Lets return to Figure 2. You can see at
"D" that REM episodes get longer as you go through the sleep cycle. Therefore most of your
dreaming happens late in the sleeping cycle. Those dreams which last from 30 to 40 minutes have the
elaborate story lines and complex shifts and transitions which we call bizarreness. Your mother’s
got a purple face. Tin cans are growing out of people’s heads. That’s the kind of stuff you are
experiencing during these early morning hours. That’s the kind of stuff that "real" dreams
are made of!
There you are paralyzed from the neck down, your eye movements are jerky
and rapid, your heart rate fluctuates, your breadth rate changes. Sometimes when you wake up from an
especially intense REM episode you may be panting, your heart’s pounding and you’re sweating. And
you mutter, "Thank God, that was only a dream!" If that happens you have come out of rapid
eye movement sleep.
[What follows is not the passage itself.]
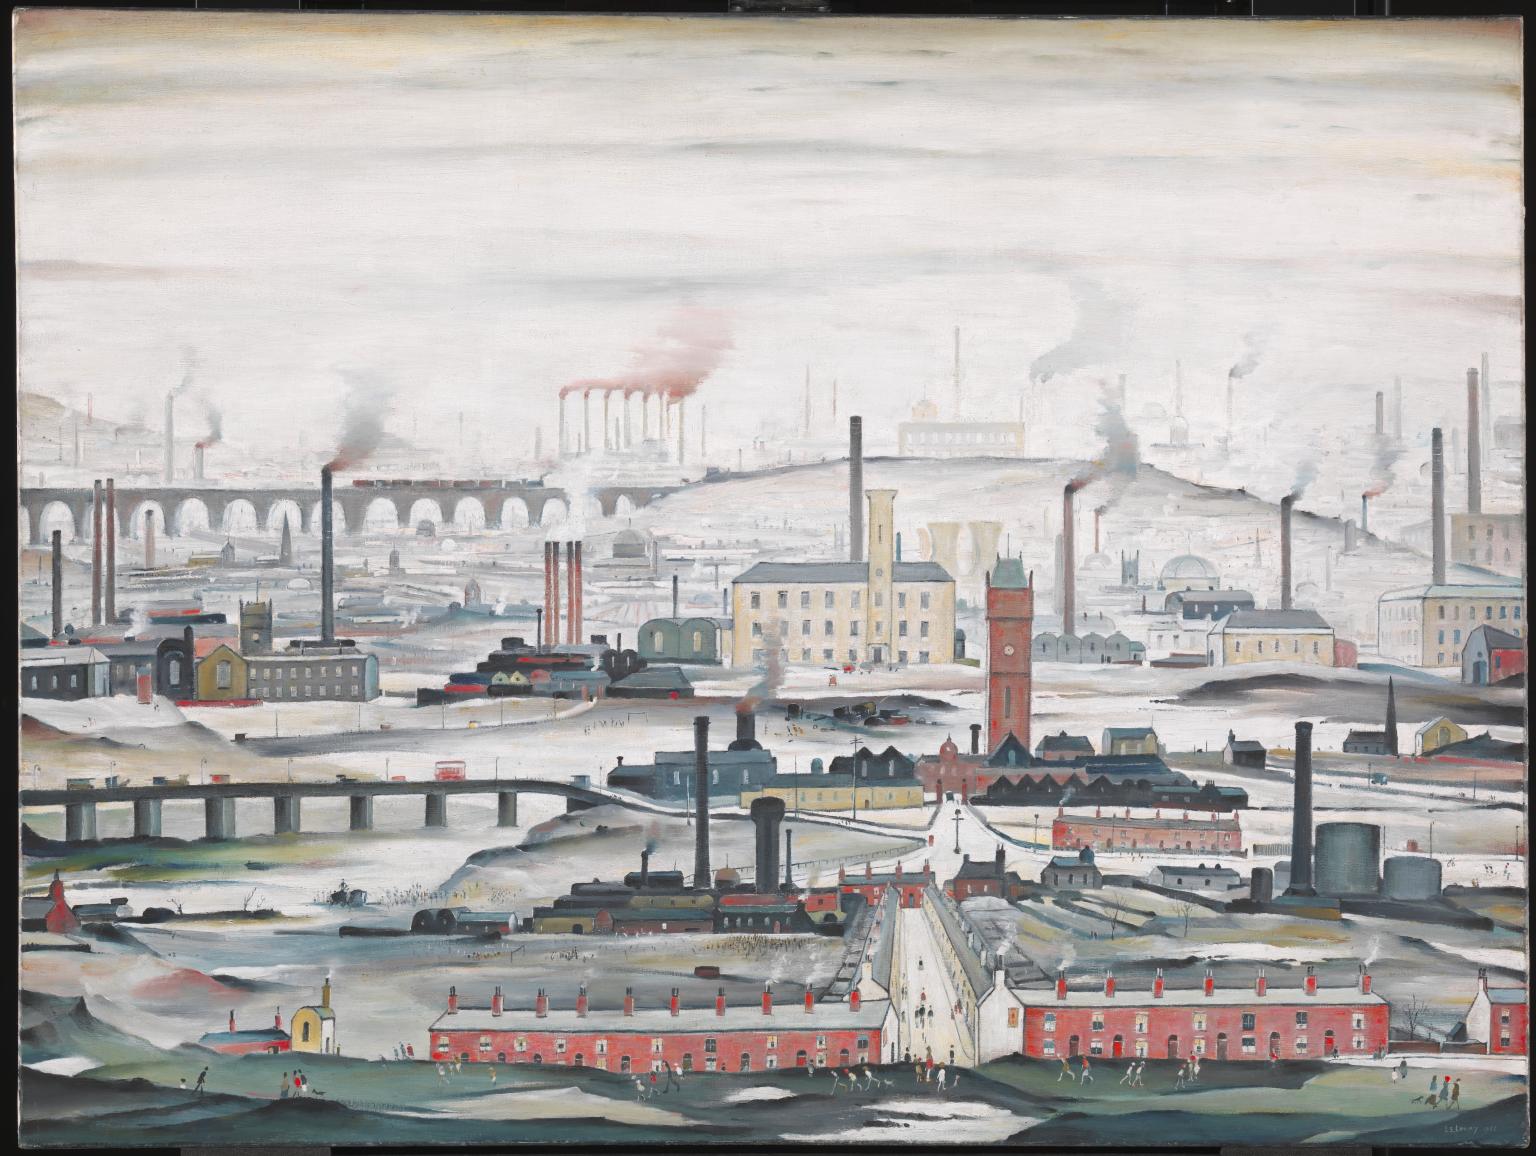 'Индустријски пејзаж' (1955) - широко призната као најпознатија тема на Ловријевим сликама и принтовима

So for instance, if you’re an ulcer sufferer there are twenty times the amount
of stomach acid secretions during REM than during NREM. If your child has asthma and they wake up
with an asthma attack, they’re likely waking from REM sleep. If you have angina, these heart
problems are going to occur most likely out of REM sleep. In other words, REM doesn’t seem to be
really good for your health. It stresses the body. It pushes all these different systems more so
than while awake. Not while your jogging ten miles, obviously, but this whole system is going to be
really revved up in the main more so than while awake. In addition, while all these systems are on
over-drive, the brain is increasing its activity. What is going on?